Medical News Today: Could this chemical help explain anxiety?

A recent study on anxiety examined the role of glutamate, which is a neurotransmitter. The findings could help scientists develop more effective interventions.
Anxious young woman
A new study digs into the neuroscience of anxiety.

Almost everybody experiences anxiety in one of its forms.

Over time, evolution honed anxiety as a survival mechanism; it forms part of our “fight-or-flight” response.

The heart pumps a little faster, and there might be a sensation of nausea as the body prepares for action.

Although anxiety is a natural response, it can spiral out of control for some people.

Rather than being a protective force that helps us navigate everyday life, it becomes a burden that impacts well-being. Also, being more prone to anxiety increases the risk of developing an anxiety disorder and depression.

Beyond mental health, anxiety might also have physical effects; the authors of the new study write that sustained high levels of anxiety “may increase the risk of developing cardiovascular disease.”

The Anxiety and Depression Association of America say that anxiety disorders impact almost 1 in 5 adults in the United States each year.

Anxiety disorders are as common as depression, but until relatively recently, they received much less attention.

Because of its growing prevalence, the neurological mechanisms that are involved are receiving increased attention.
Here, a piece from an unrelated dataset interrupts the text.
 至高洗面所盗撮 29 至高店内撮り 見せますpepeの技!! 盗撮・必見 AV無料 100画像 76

The latest study, which now appears in The Journal of Neuroscience, investigates the role of glutamate in the hippocampus.

What is glutamate?

Glutamate is an amino acid and the primary excitatory neurotransmitter in the brain. In recent years, studies have hinted that glutamate might be involved in anxiety.

Reductions in glutamate activity seem to increase anxious behavior, and glutamate levels within the hippocampus — which is the part of the brain primarily involved in regulating emotions and memory — seem particularly important.
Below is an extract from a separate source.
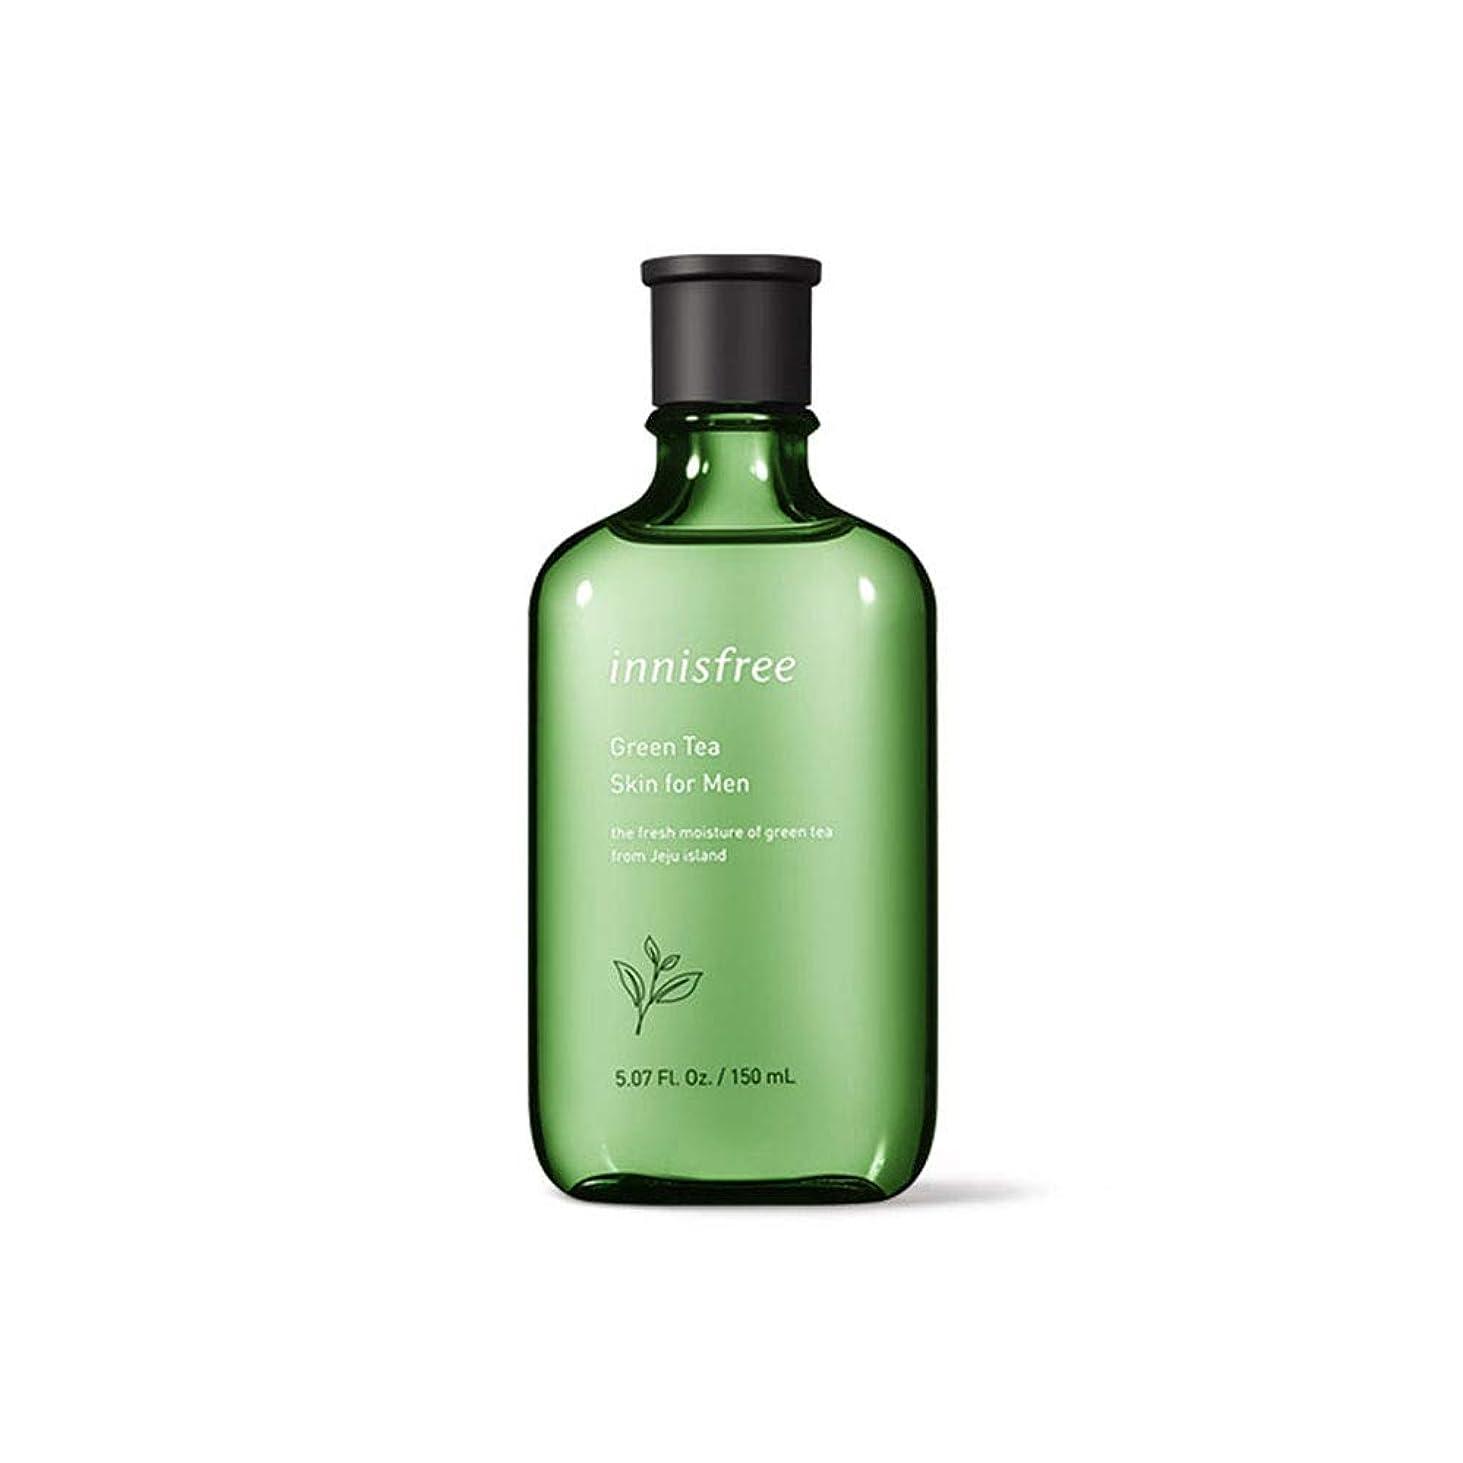 超越するシャツ第四イニスフリー Innisfree グリーンティースキンフォーメン(150ml) Innisfree Green Tea Skin For Men(150ml) [海外直送品]

Earlier studies have also concluded that two other regions of the brain work with the hippocampus to modulate anxiety; called area 25 and area 32, these regions form part of the prefrontal cortex.
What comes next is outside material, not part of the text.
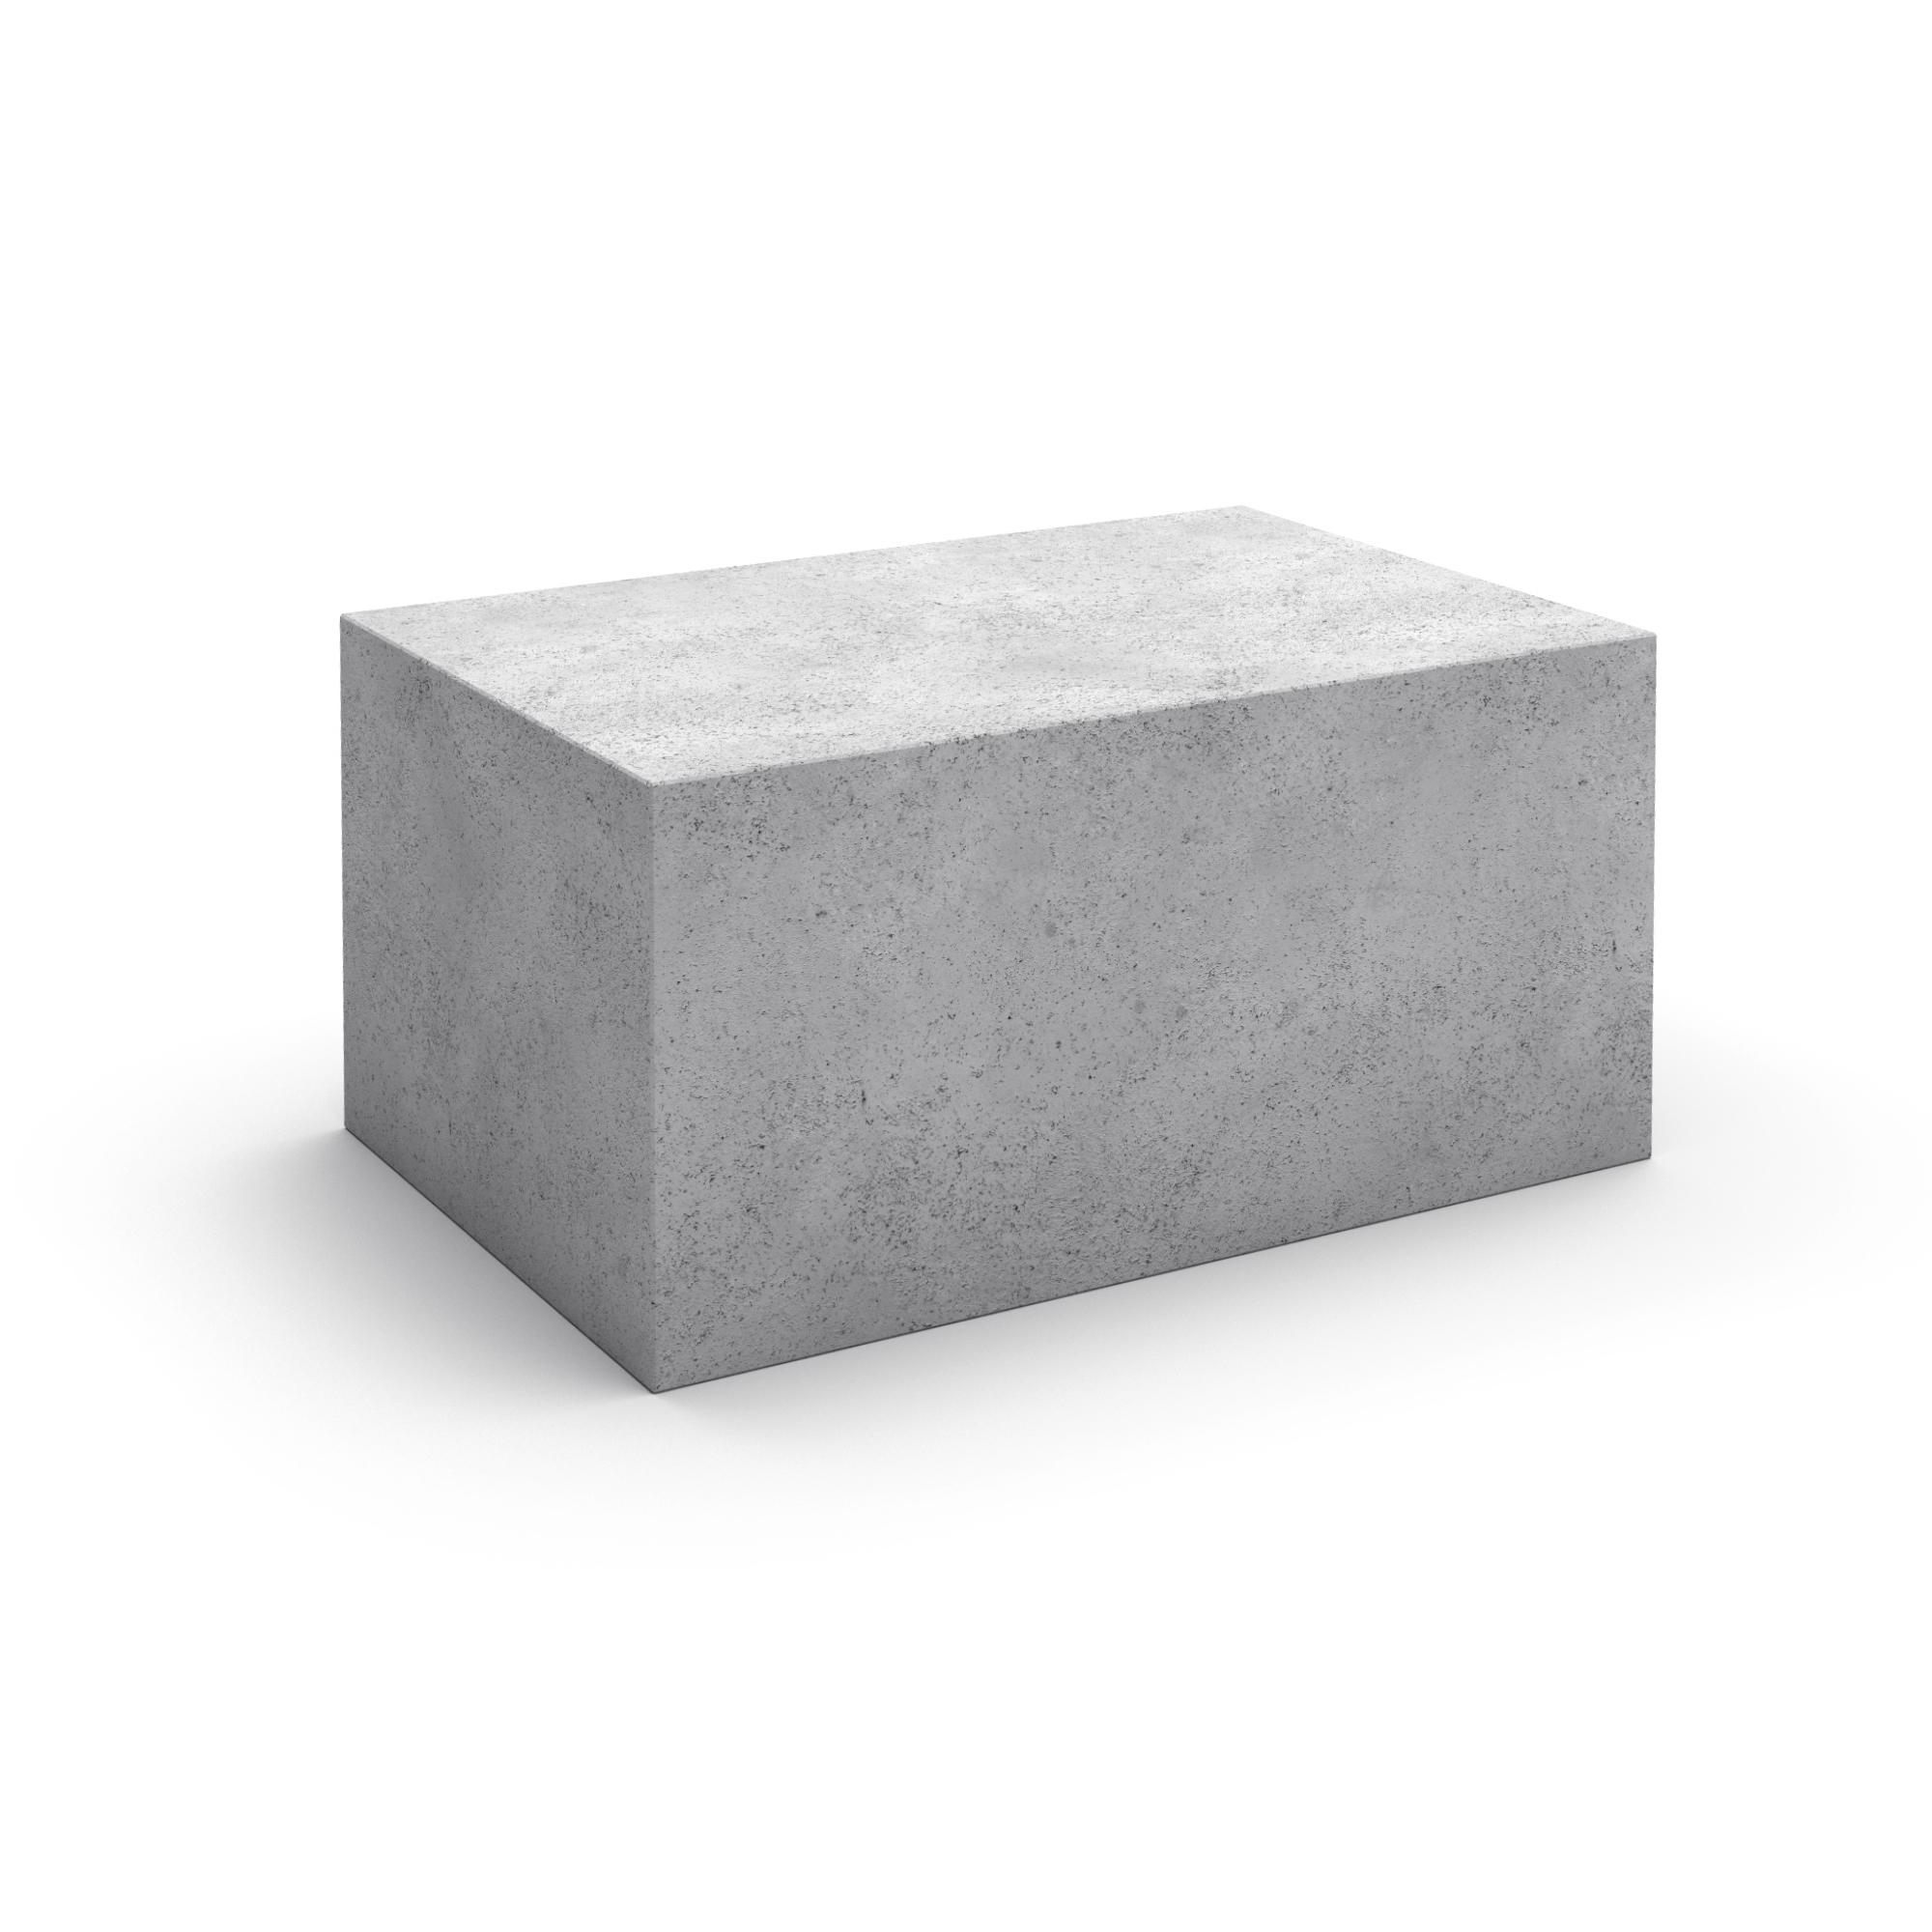 Купить газобетон в бетонов бетон под давлением

However, our understanding of glutamate’s role in anxiety is not fully formed — other studies have produced conflicting results.

As an example, a study using nonanxious rats found that a reduction of activity at some glutamate receptor subtypes in the hippocampus actually reduced levels of anxiety.

The authors of the latest study wanted to examine the role of glutamate in anxiety in more detail. To get a clearer picture, they ran a series of experiments on marmosets.

Glutamate and anxiety in primates

First, the team tested each marmoset’s anxiety levels when introduced to an unfamiliar human (one of their handlers wearing a mask). As expected, the animals with the greatest levels of anxiety — or high-trait anxiety — had significantly lower levels of glutamate in their hippocampus.

High-trait anxiety correlated with glutamate levels in the right anterior hippocampus.

Next, they artificially increased the level of glutamate in the highly anxious marmosets. They found that once glutamate levels reached normal levels, the animals responded less anxiously in psychological tests.

This second arm of the experimentation gave the researchers evidence of a causal relationship: Anxious primates naturally had lower levels of glutamate activity, and when glutamate was increased in the anxious primates’ hippocampi, anxiety was reduced.

To gain more information about the role of brain areas 25 and 32, the team carried out further experiments.

Blocking activity in these regions, they found that the anti-anxiety effects of increasing glutamate were abolished when area 25 was out of action. Blocking area 32, however, did not make a difference.

The study authors suggest that the hippocampal-area 25 pathway could be an interesting target for future pharmaceutical interventions. Overall, the authors outline their conclusions:

These findings provide casual evidence in primates that hippocampal glutamatergic hypofunction regulates endogenous high-trait anxiety, and the hippocampal-area 25 circuit is a potential therapeutic target.”

Though scientists are still unpicking glutamate’s role in anxiety, studies such as this bring us closer to having a full understanding.